JUDY WOODRUFF: Finally tonight: singing the coronavirus blues. Jeffrey Brown revisits a musician who has met many challenges with song in the past, and now confronts one that is quite personal. The story is part of our ongoing American Creators series on rural arts and Canvas.
JEFFREY BROWN: Outside the Citadel nursing home in Salisbury, North Carolina, an uplifting one-woman performance. The singer, 63-year-old blues musician Pat Mother Blues Cohen.
PAT MOTHER BLUES COHEN, Musician: There's been like a huge outbreak of the coronavirus. And everybody's in their rooms. And everybody is afraid. And I want to do something that's going to brighten up somebody's day. And in brightening somebody else's day, it brightens my day also.
WOMAN: The citadel in Salisbury now considered the site of an outbreak.
JEFFREY BROWN: The nursing home is the scene of one of North Carolina's worst outbreaks of COVID-19. Health officials say the 160-bed facility has had more than 150 confirmed cases among residents and staff, one of the residents, Pat Cohen's 59-year-old brother, George. He first went into the home two years ago after suffering a stroke. He's not been diagnosed with COVID, but is mostly confined to his bed, and watches his sister perform through the window.
PAT MOTHER BLUES COHEN: My brother used to help me with my equipment that he would carry it to my car for me. And he was – I could always depend on him. So I'm doing the same thing for him.
JEFFREY BROWN: We first met Pat Cohen in 2014 at a gathering in Durham of the Music Maker Relief Foundation, an organization that's supported more than 400 blues musicians around the South, mostly African-American, often rural, people like Ironing Board Sam, who briefly reached the spotlight, but never made it big, and eked out a living playing small clubs and busking on the streets. Music Maker helps these musicians meet basic needs and, for some, has gotten them back to performing paying gigs. Now, founder Tim Duffy says, the shows have stopped. The fear is real.
TIM DUFFY, Founder, Music Maker Relief Foundation: They're scared.
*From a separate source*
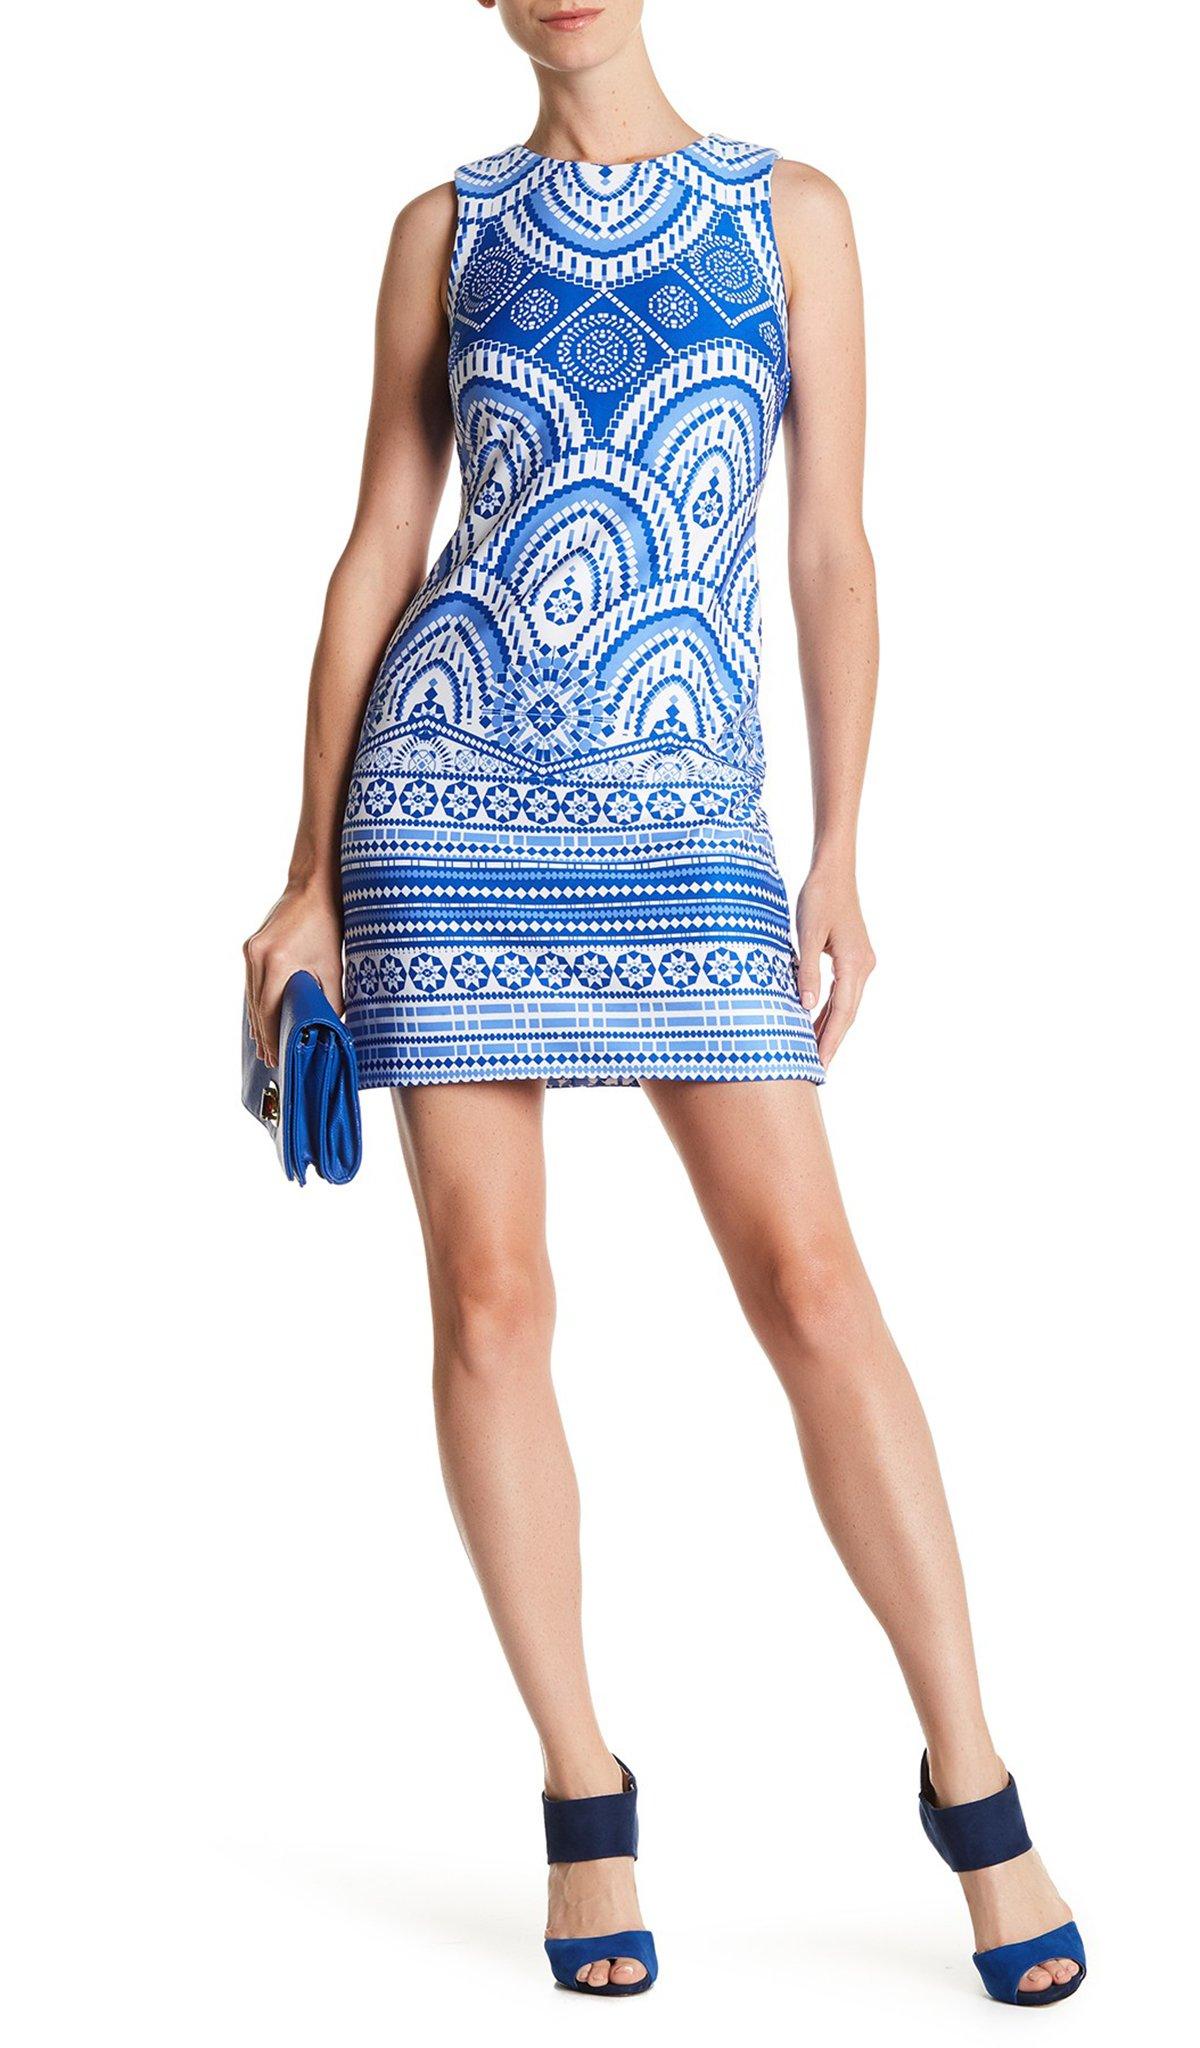 Taylor - 8167MJ Printed Jewel Cocktail Dress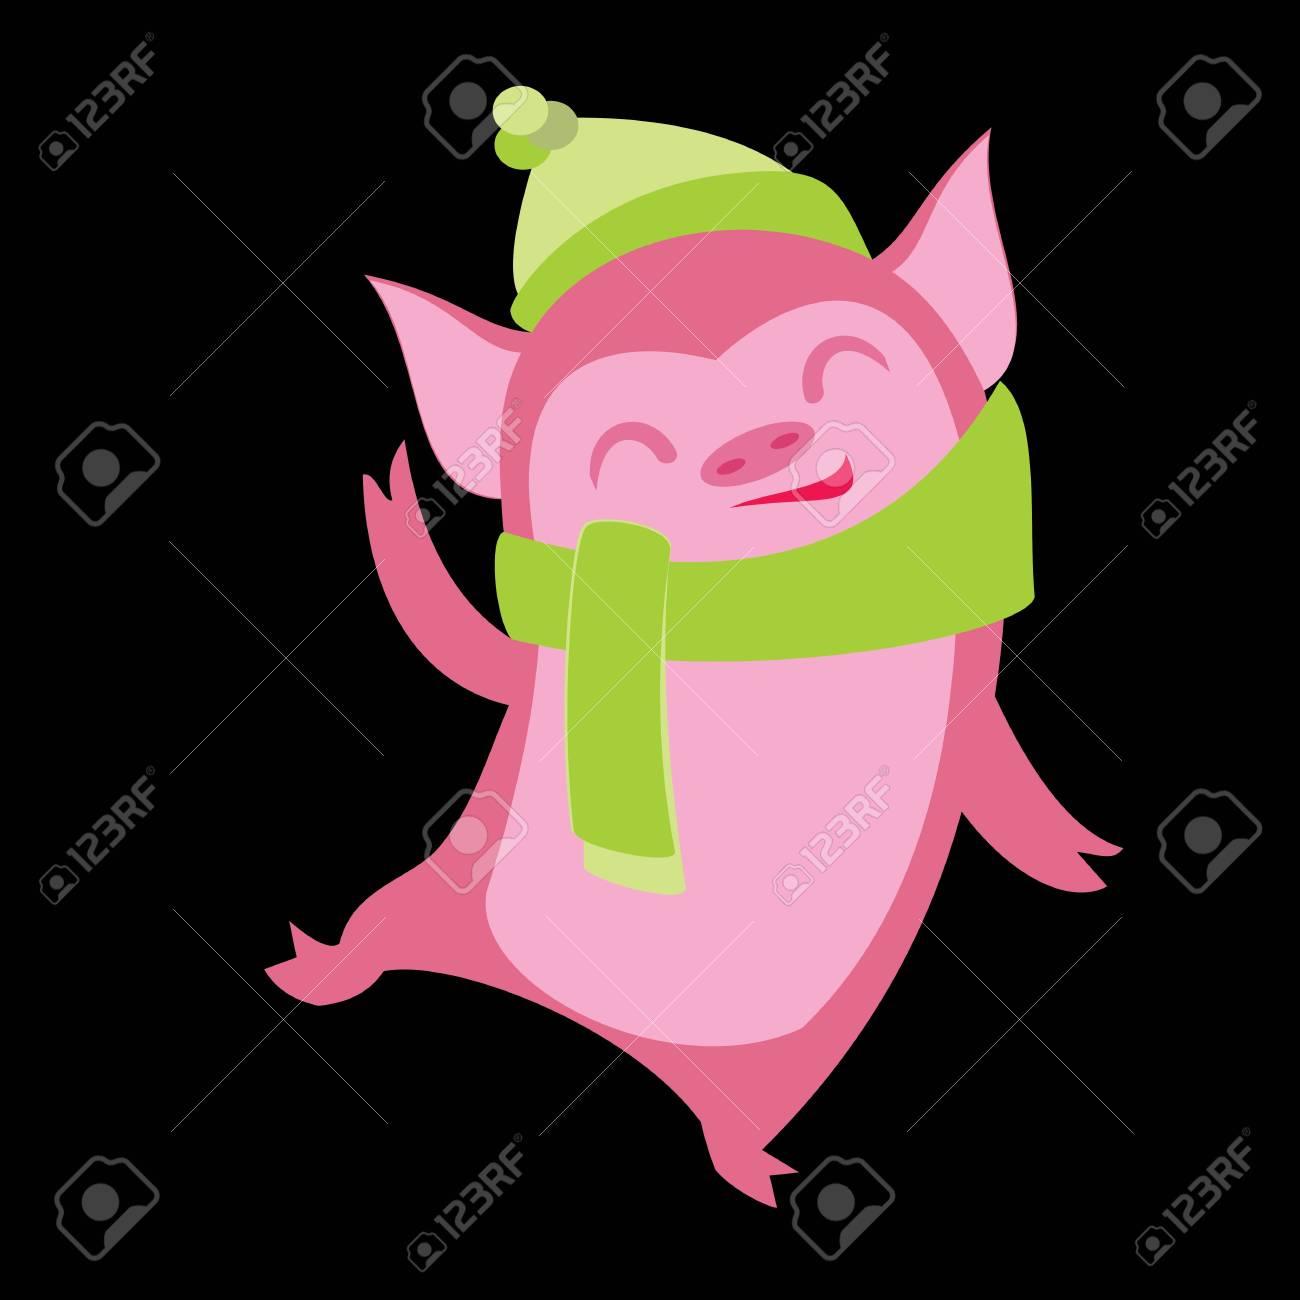 funny pig characters cartoon winter illustration of farm animals

When you live -- like, an average check is like $600 to $800 a month, sometimes as low as $400 a month. All the artists that we are working with, a lot of them are between 75 and 85 and have diabetes. They're highly intelligent. And so, like, they will tell me, if I make a mistake, I might die, if I touch the wrong thing. So, they're being very, very careful. But that's a lot of pressure to live under.
JEFFREY BROWN: A lot of artists and arts organizations are now looking to new models, like streaming...
TIM DUFFY: Yes.
JEFFREY BROWN: ... as a way to stay connected, also to possibly raise funds. Is that sort of thing possible for you and these artists?
TIM DUFFY: It's possible, but there's a great digital divide. They're elderly. They don't know how to use the devices. A lot of places are in rural communities that don't have the best Internet, so we can't do that.
JEFFREY BROWN: Pat Cohen was once a regular on the New Orleans scene. She lost her home during Hurricane Katrina, along with her professional connections. Music Maker helped her relocate to North Carolina and pick up her career. She was scheduled to perform at Jazz Fest earlier this month, in fact, and in Portugal later on. But now all the gigs are gone, the money not coming in.
PAT MOTHER BLUES COHEN: If all you do is sing or play an instrument, or whatever it is, you don't know what you're going to do, because, after this is over, if it's ever over -- you wonder if it's ever going to be over. You don't know how things are going to change. And you know it's going to change. Will there ever be live concerts again?
JEFFREY BROWN: She used to be paid to perform inside the nursing home. Now there's just singing outside to lift up her brother and others. Music Maker's Tim Duffy says it's another example of why the musicians he's worked with for 25 years deserve our respect and help.
TIM DUFFY: She just keeps on going. And now she literally has very little money. And she gets up the gumption to go out and sing for them and do something to help others with what she has. She has joy in her heart. She has music. And I think, in times of crisis, we look for our folk musicians to guide us. That's their role. They're bards.
JEFFREY BROWN: Pat Mother Blues Cohen puts it this way:
PAT MOTHER BLUES COHEN: Everybody has a currency, and everybody's currency is different. My currency is my voice. You don't have to do what I do, but do something nice for somebody else. And that makes you feel good. And that's contagious by itself.
JEFFREY BROWN: Blues, both sad and joyful, now comforting others in a time of pandemic. For the PBS NewsHour, I'm Jeffrey Brown.
JUDY WOODRUFF: And singing to her brother, that is special.